Der Rückenschmerz ist Volkskrankheit Nummer eins. Jeder zweite Deutsche über 30 Jahre hatte in seinem Leben schon mindestens eine nennenswerte Rückenschmerzepisode.

Eine Ursache dafür ist, dass der Mensch evolutionsbiologisch von den Vierfüßlern abstammt. Der zweibeinige Gang hat nicht nur den Blick in die Ferne ermöglicht und die obere Extremität zur Nahrungssuche und zur Arbeit nutzbar gemacht, sondern auch eine erhebliche Umformung und biomechanische Belastungsanpassung für unsere Wirbelsäule bewirkt. Durch das Aufrichten aus der Horizontalen wurde sie zur S-förmig geschwungenen „vertikalen Tragsäule“.

Regelmäßig bewegen, gesund leben und ernähren sowie sinnvoll Sport treiben!

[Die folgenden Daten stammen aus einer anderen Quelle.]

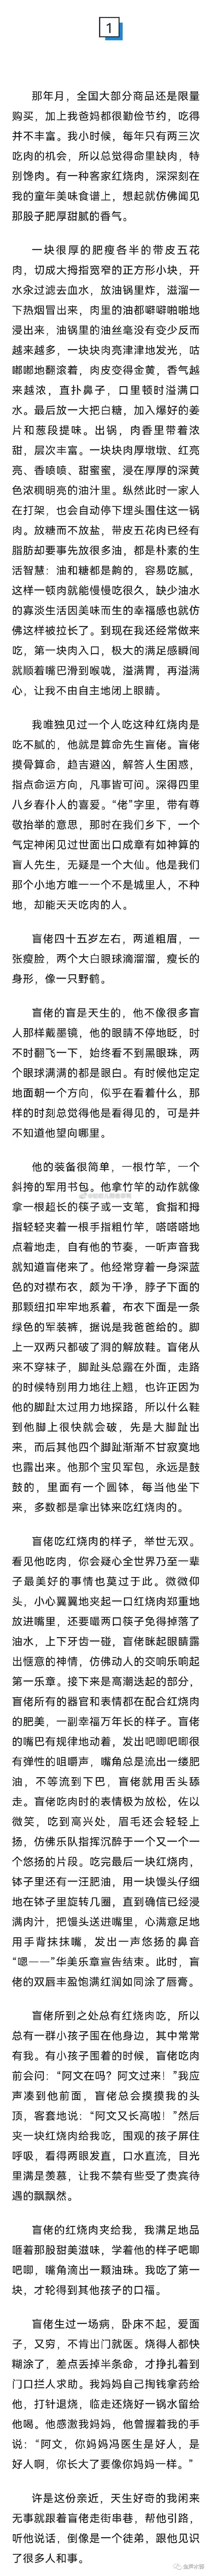 来源：北京日报、澎湃新闻、天涯杂志、半岛都市报、每日经济新闻
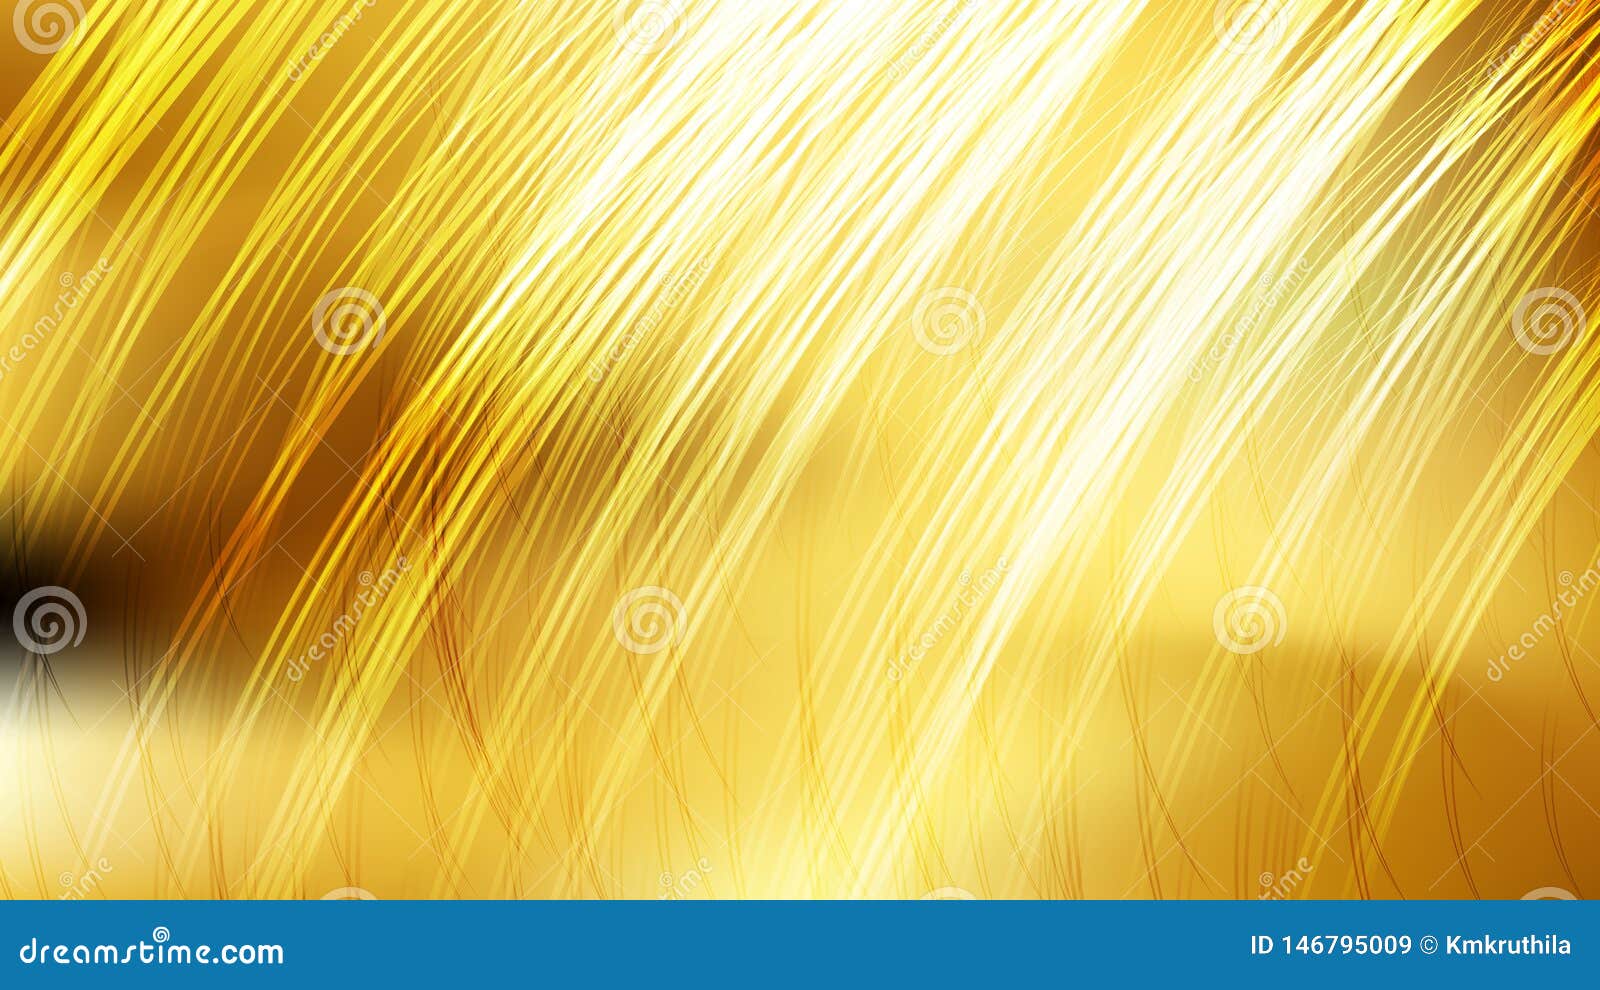 Ilustración de Fondo Amarillo De Papel Dorado Diseño Decorativo De Lujo Elegante  Fondo Dorado Metálico Fondo De Textura De Lámina De Oro De Hoja Amarilla  Brillante y más Vectores Libres de Derechos

Diese Haltefunktion kann unsere Wirbelsäule langfristig nur übernehmen, wenn sie durch eine leistungsfähige Rumpfmuskulatur geschützt und unterstützt wird. Hier liegt eine Hauptursache der heutigen „Zivilisationskrankheit Rückenschmerz“: Wir sitzen zu viel und ergonomisch ungünstig, wir laufen und trainieren zu wenig und bekommen dadurch Übergewicht, Muskel- und Knochenschwund sowie Schäden an Gelenken und Bandscheiben. Machen wir dann eine plötzliche oder ungewohnte Bewegung, kann es zum Knochenbruch oder Bandscheibenvorfall kommen.        

Den meisten dieser Zivilisationsprobleme können wir mit einer aktiven Lebensweise selbst vorbeugen: Regelmäßig bewegen, gesund leben und ernähren sowie sinnvoll Sport treiben! Wenn es zu ersten Schäden an der Wirbelsäule gekommen ist, müssen diese keinesfalls immer sofort operiert werden.

Einfache Frakturen heilen oft auch ohne Operation. Der unspezifische Rückenschmerz braucht eine gute Physiotherapie, aber kein Skalpell. Selbst hartnäckige Wirbelsäulenleiden lassen sich häufig durch multimodale Therapieansätze ohne Operation, aber durch konsequente Mitwirkung des Betroffenen längerfristig gut behandeln.

Ist eine Operation nötig, stehen heute innovative operative Therapieverfahren mit modernsten Implantaten zur Verfügung. Dennoch greifen Orthopäden und Unfallchirurgen nach wie vor gerne auf jahrzehntelang bewährte Behandlungsmethoden zurück – gemäß dem Motto des diesjährigen Deutschen Kongresses für Orthopädie und Unfallchirurgie „Zurück in die Zukunft“.    

Die obersten Prinzipien der Orthopäden und Unfallchirurgen lauten „konservativ vor operativ“ und „Gelenkerhalt vor Gelenkersatz“. Beispielhaft umgesetzt wird dies in orthopädischen Präventionsprogrammen für Säuglinge, die durch Vorsorgeuntersuchung mittels Hüftsonografie die Zahl der Eingriffe und stationären Behandlungen wegen Hüftdysplasie drastisch senken konnten.

Kinder und Jugendliche benötigen regelmäßige kinderorthopädische Untersuchungen, damit Wachstumsstörungen und Deformitäten – auch der Wirbelsäule – erkannt und gegebenenfalls korrigiert werden können.

Unabhängig davon, ob es sich um jüngere oder ältere Patienten handelt, sollten operative Eingriffe an der Wirbelsäule notwendig werden, ist eine gründliche Beratung und Aufklärung durch die behandelnden Orthopäden und Unfallchirurgen zu fordern. Bei planbaren, elektiven Eingriffen kann auch eine Zweitmeinung in spezialisierten Zentren eingeholt werden.

Wichtig ist, dass dem Patienten nicht nur die umfangreichen Möglichkeiten der modernen operativen Medizin dargelegt werden, sondern dass er ebenso über die konservativen Behandlungsoptionen sowie über Chancen, Risiken und Komplikationsmöglichkeiten des operativen Vorgehens aufgeklärt wird. Dies ermöglicht es dem Arzt und dem aufgeklärten Patienten, gemeinsam klug zu entscheiden.